Work item
All of the data, word for word and free of pictures, is the expected result.

Given information
****
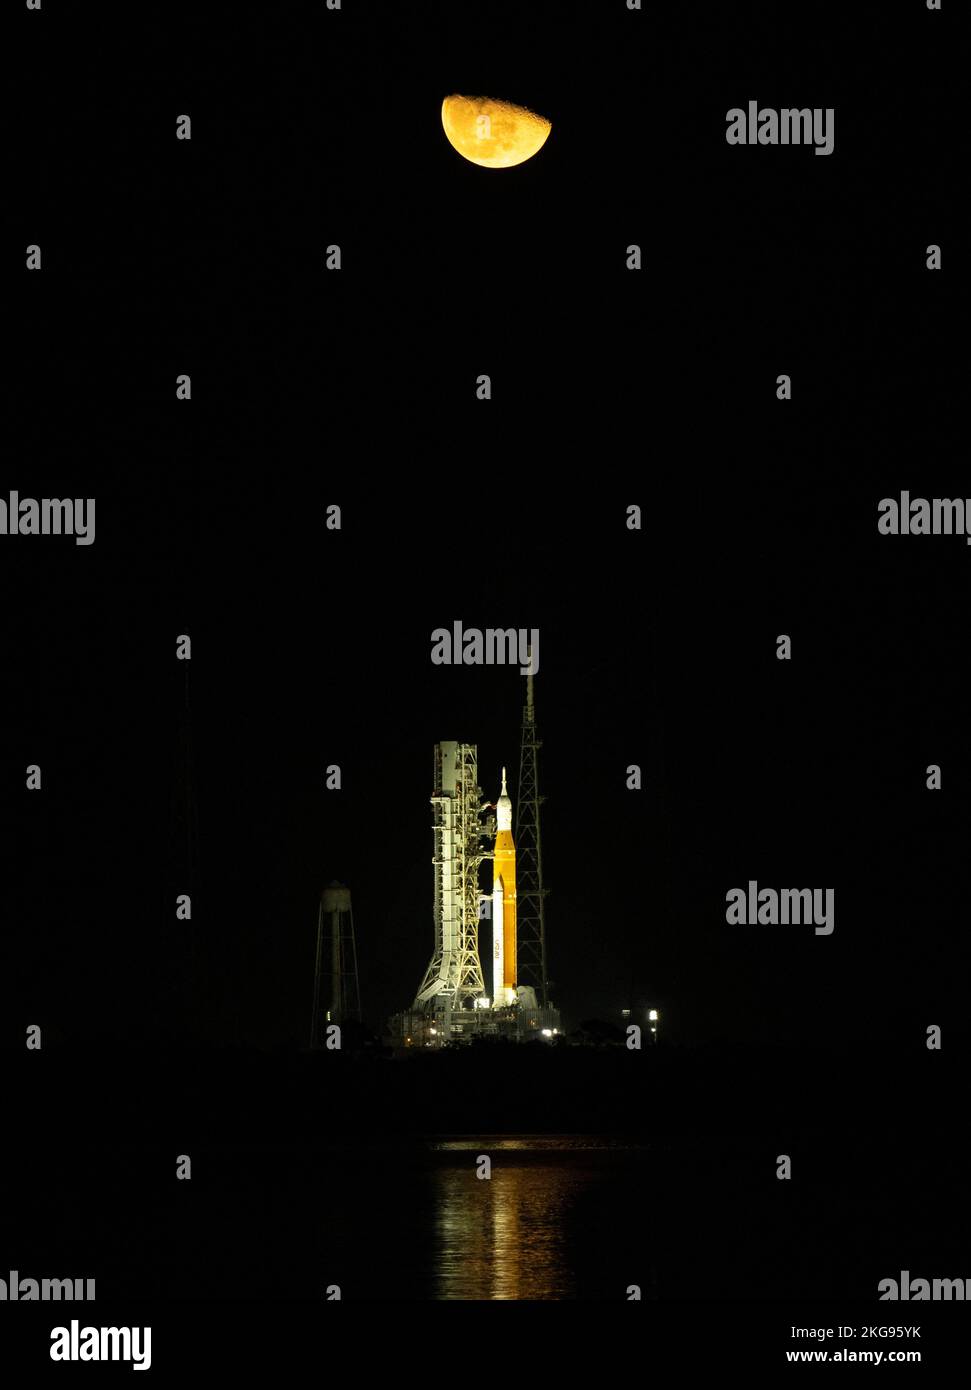 KENNEDY SPACE ce|NTRE, FLORIDE, États-Unis - 16 novembre 2022 - la Lune s'élève au-dessus de la fusée SLS (Space Launch System) de la NASA avec l'Orion spacetra Banque D'Images
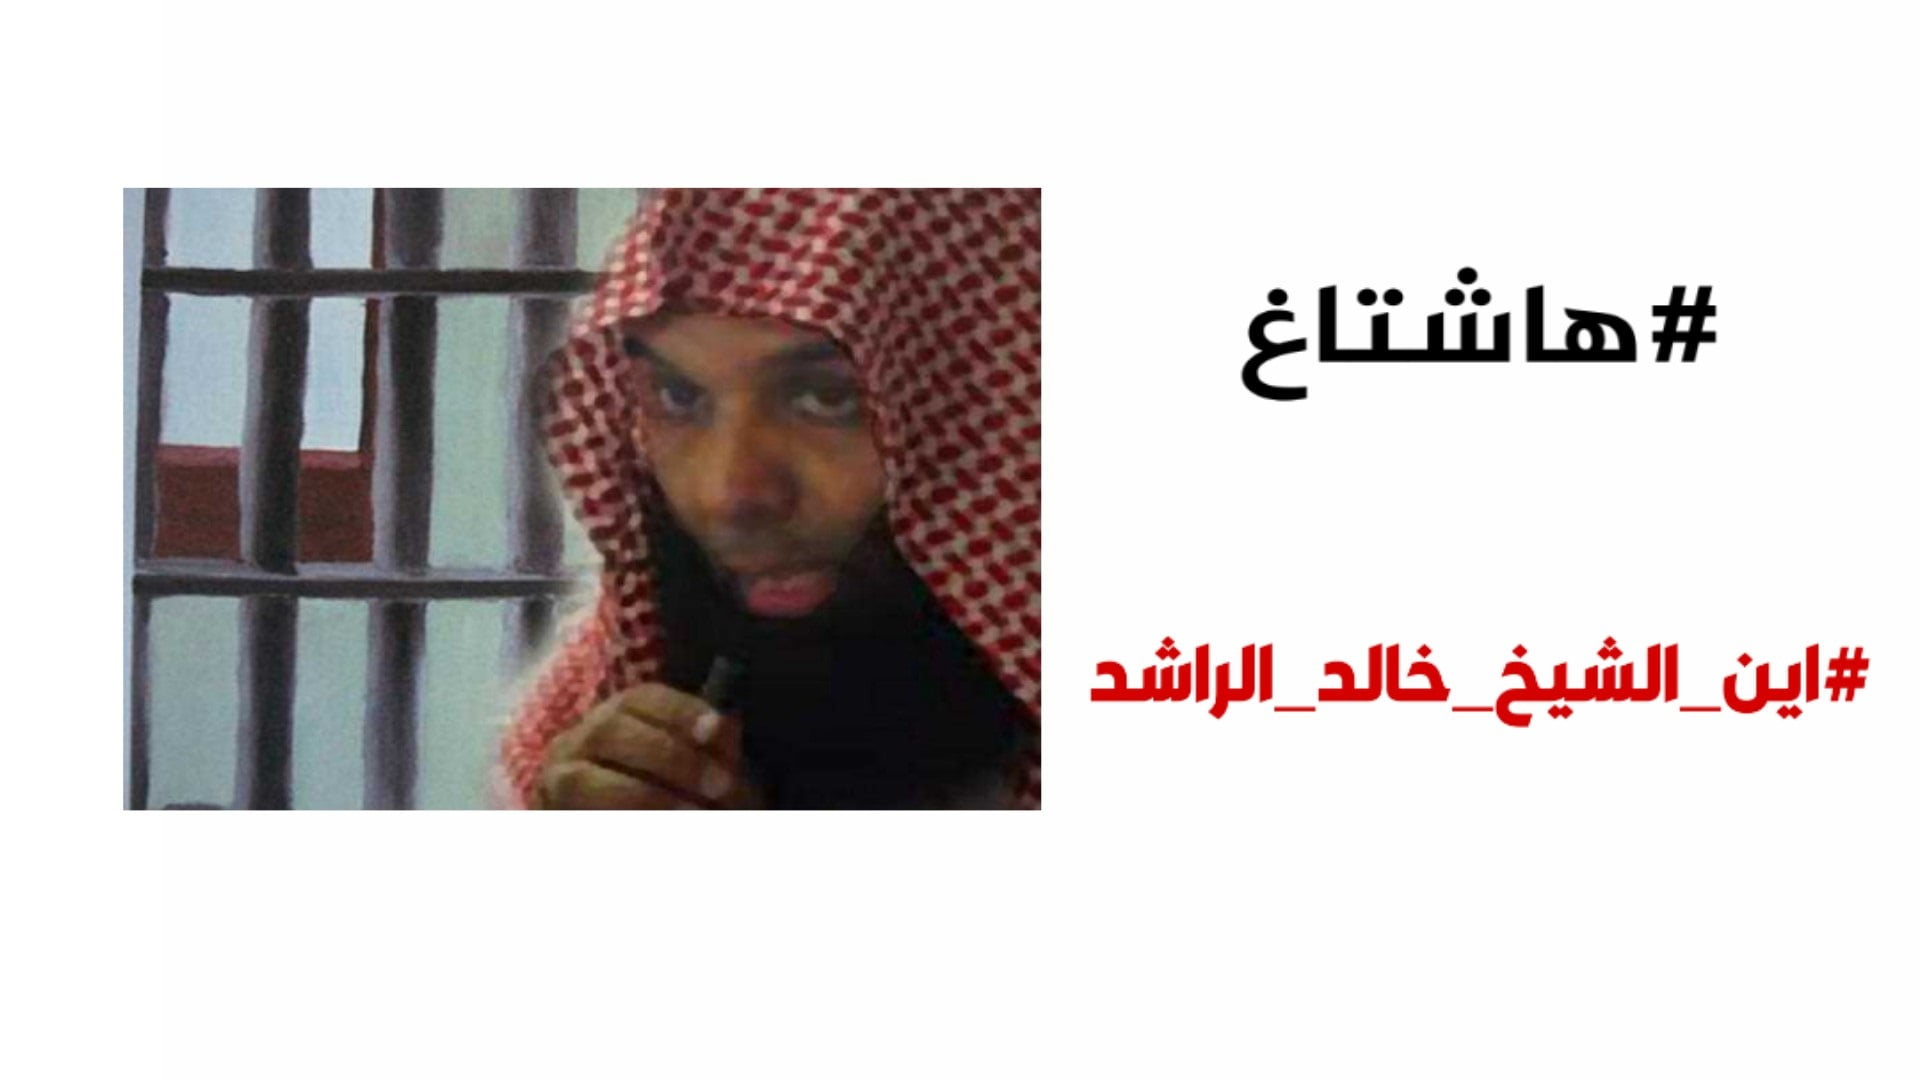 ما هي تهمة الشيخ خالد الراشد وسبب اعتقاله
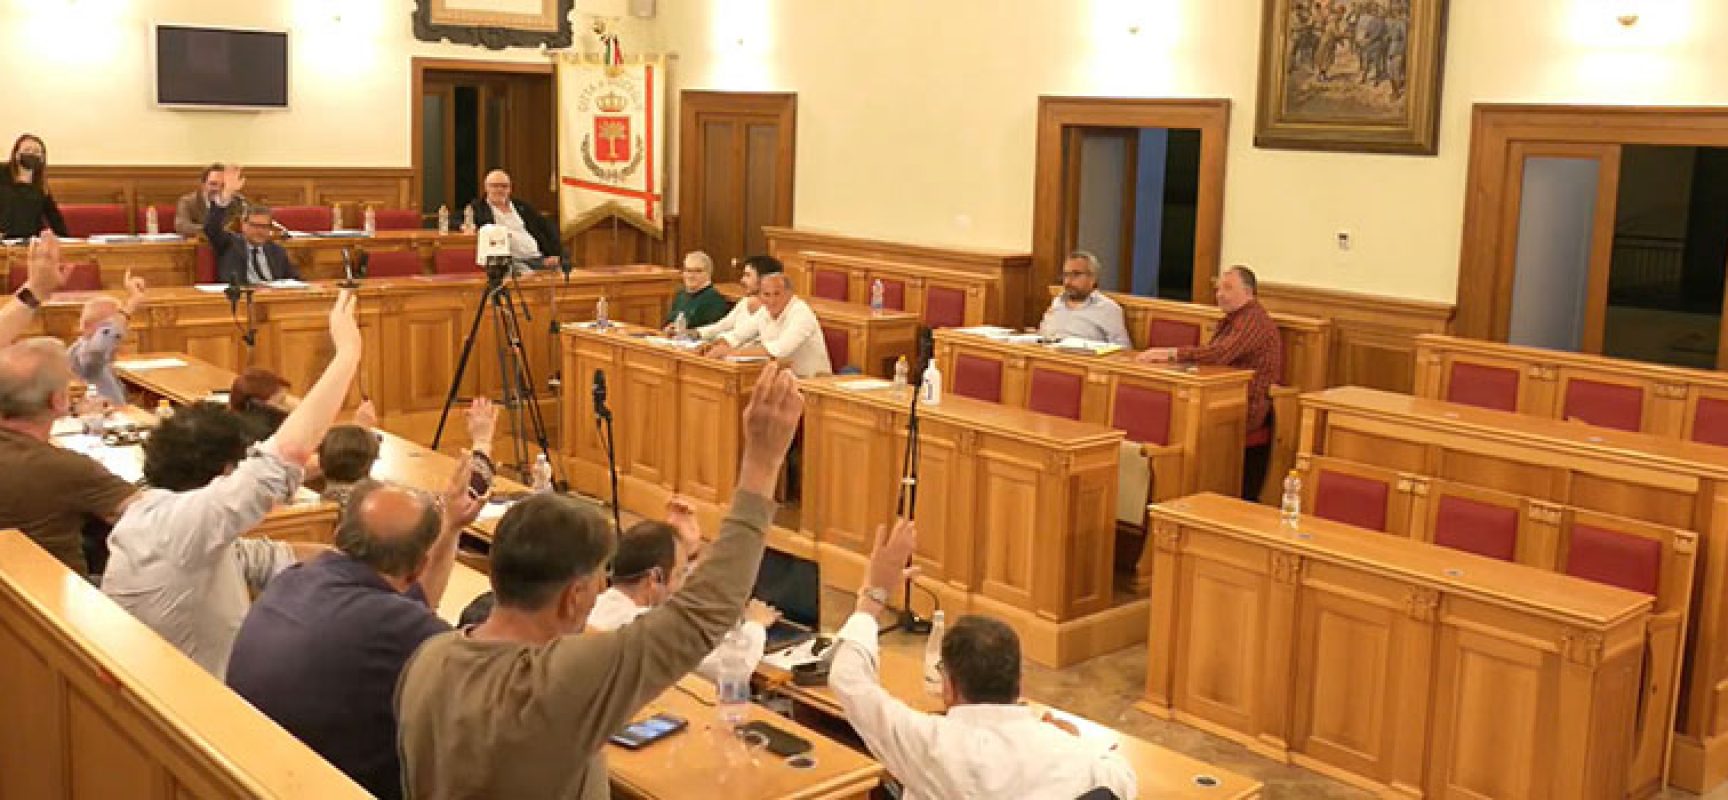 Consiglio comunale, approvato bilancio di previsione 2022-24 Angarano: “Conti in ordine”
****
Task response
 KENNEDY SPACE ce|NTRE, FLORIDE, États-Unis - 16 novembre 2022 - la Lune s'élève au-dessus de la fusée SLS (Space Launch System) de la NASA avec l'Orion spacetra Banque D'Images
 ما هي تهمة الشيخ خالد الراشد وسبب اعتقاله
 Consiglio comunale, approvato bilancio di previsione 2022-24 Angarano: “Conti in ordine”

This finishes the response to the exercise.